Written by Kisstopher Musick
Kisstopher Musick
Living and Loving Life in Japan Comments are off

So, I need to start off with a content warning. This post will talk about abuse, sexual assault, and slavery. If you find these topics to be upsetting, please do not read this blog post.

I tell a few different stories about my name. One of them is that I am the last of 14 children, which is true but has nothing to do with my name. I also say I was named after my grandfather, and that is almost true. I was actually named after my paternal grandmother. We both hated the name they had given us. I also hated the trauma I had suffered under that name. My mother had a way of pronouncing my name that sounded like hate. Because of this, I came to hate the name she had given me. She also gave me a horrible nickname that I came to associate with sexual abuse. My mother never sexually abused me herself, but another family member did, and my mother paired them with the use of the nickname, which I then began to associate with being molested. A major part of my healing from the abuse of my mother and other family members was to change my name and become reborn.

My grandmother also associated the name with pain. Her father (my paternal great grandfather) was freed by the emancipation proclamation. My grandmother was never a slave, but she was raised by the same family that had owned her father. They also named her. For my grandmother, the name became synonymous with all the racism she endured in her life and all the suffering that slavery inflicted on her family. She always supported my decision to change my name. My mother did not. I was not able to change my name legally until after I had emancipated at the age of 16. I would change it twice. When I was 14, my cousin and I watched an old movie with a female lead named Christopher. She was everything I wanted to be. So, at age 15 I started going by Christopher, but I hated the nickname Chris. When I was 17 Prince came out with the song “Kiss,” which I thought would be an amazing nickname and changed my name to Kisstopher.
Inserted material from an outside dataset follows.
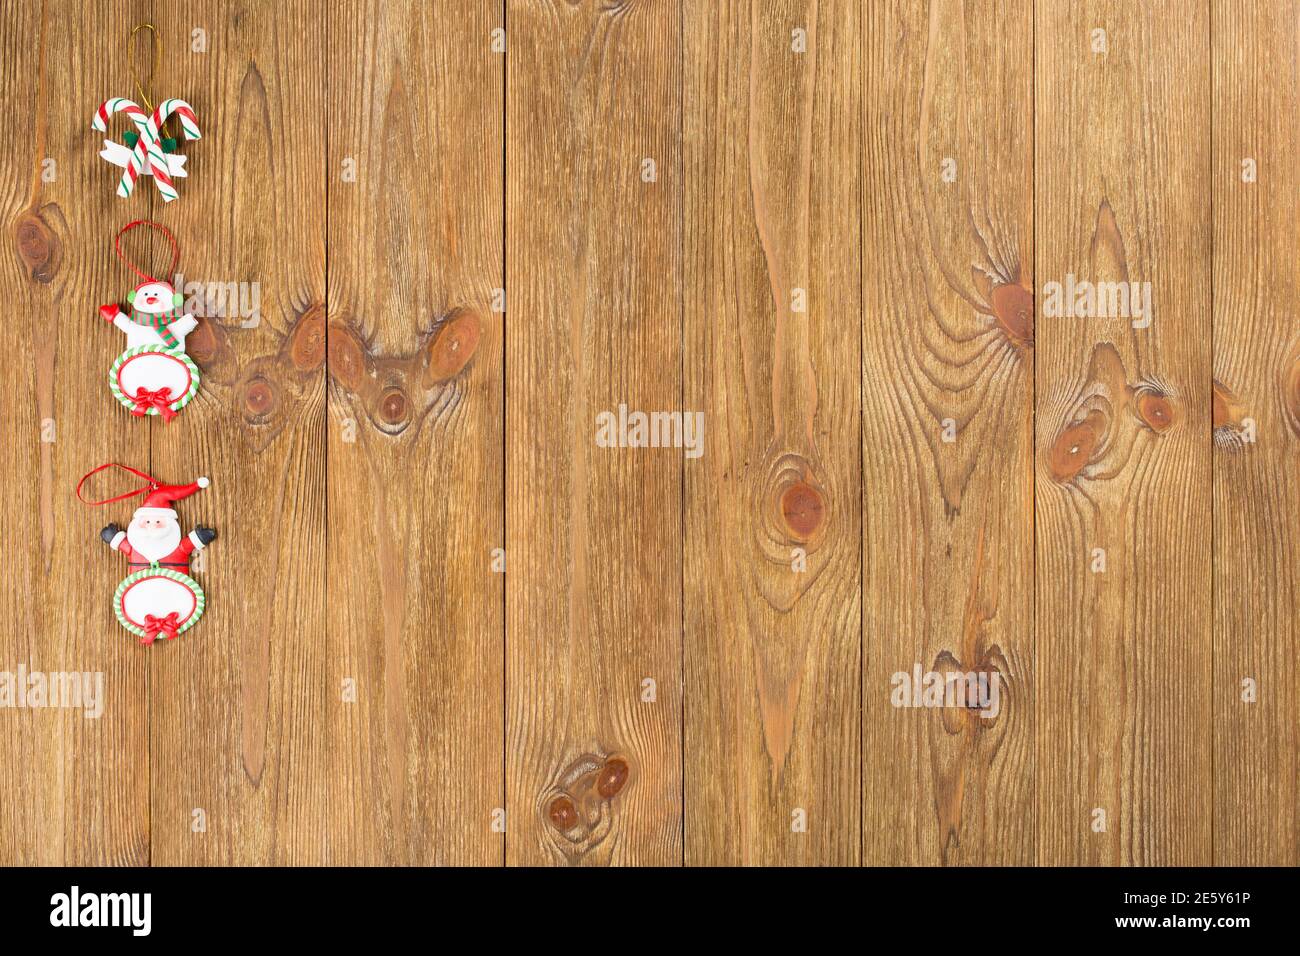 Le jouet de Noël est situé sur une surface en bois. Cette image peut être utilisée comme arrière-plan. Gros plan. Banque D'Images

Most people called me Kiss throughout my twenties. In my twenties, I was a sex worker and came to associate the nickname Kiss with sex work. In my thirties, I stopped doing sex work and became Kisstopher, no longer using a nickname. For those of you who asked me about my name and got the short easy answer or some other story, I hope you can see why I don’t always give the long truthful answer. From now on, I will refer people to this blog post if they are curious about my name. I don’t share my birth name because it is a popular name and I don’t want to ruin anyone’s name for them. That, and I really do not like it when people address me using my dead name. People do this to either hurt me or to create intimacy they have not earned. Both are offensive and will cause me to distance myself from a person. You already know my name, and it’s Kisstopher.